The RAND survey, sponsored by the U.S. Department of Labor and the U.S. Department of Health and Human Services, by lead author Soeren Mattke et al, lists five keys to successful workplace wellness programs.
- Effective communication strategies: All five organizations in its case studies communicate wellness program information to employees, through face-to-face and mass communication. Employers emphasized the importance of clear messages from leadership.
- Opportunity for employees to engage: Making wellness activities convenient and easily accessible for all employees can raise the level of employee engagement.
- Leadership engaged at all levels: Senior leaders need to make wellness an organizational priority to shift company culture.

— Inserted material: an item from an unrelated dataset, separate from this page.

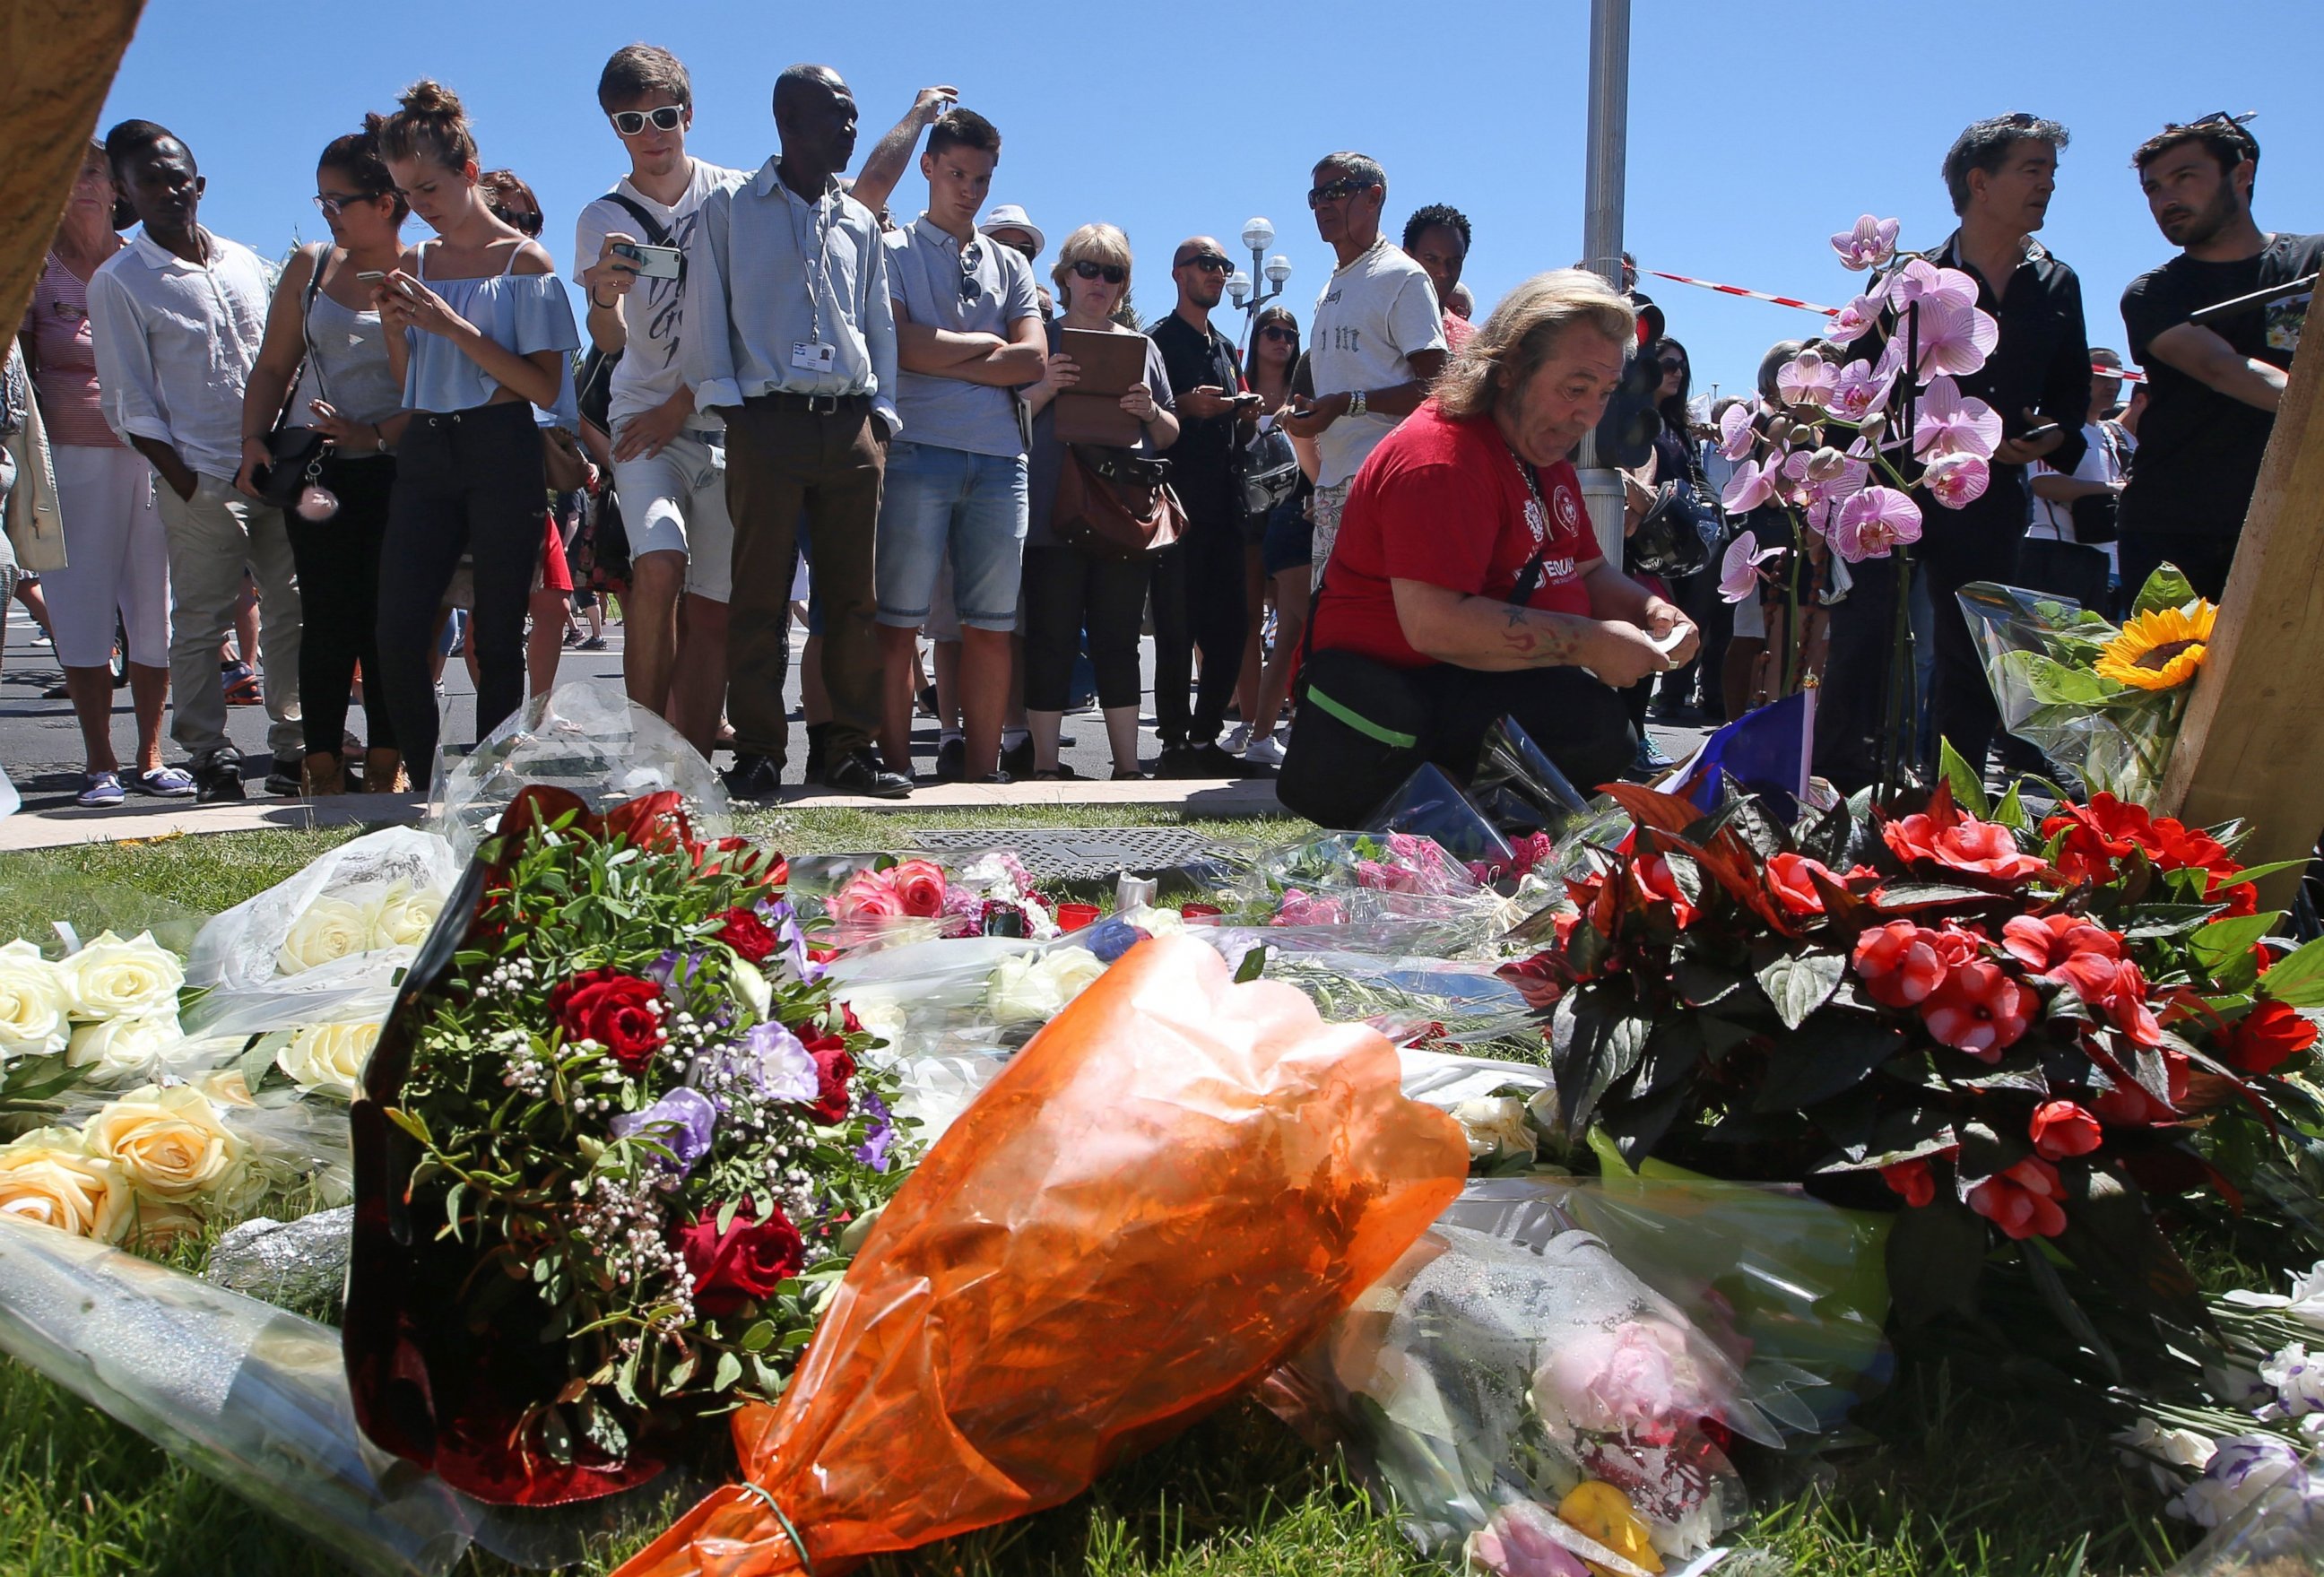 PHOTO: Floral tributes are laid out near the site of the truck attack in the French resort city of Nice, France, July 15, 2016.

- Use of existing resources and relationships: Using existing partnerships resources and building relationships, often with health plans, allows companies to expand offerings at little to no cost.
- Continuous evaluation: Strive for continuous quality improvement in your wellness programs. Though RAND case study participants don’t conduct formal evaluations, they all solicit feedback from staff sand some conduct needs assessments to understand their employees’ wellness needs.
Remember: healthy employees are productive employees, and it doesn’t have to cost a fortune to encourage healthy lifestyles.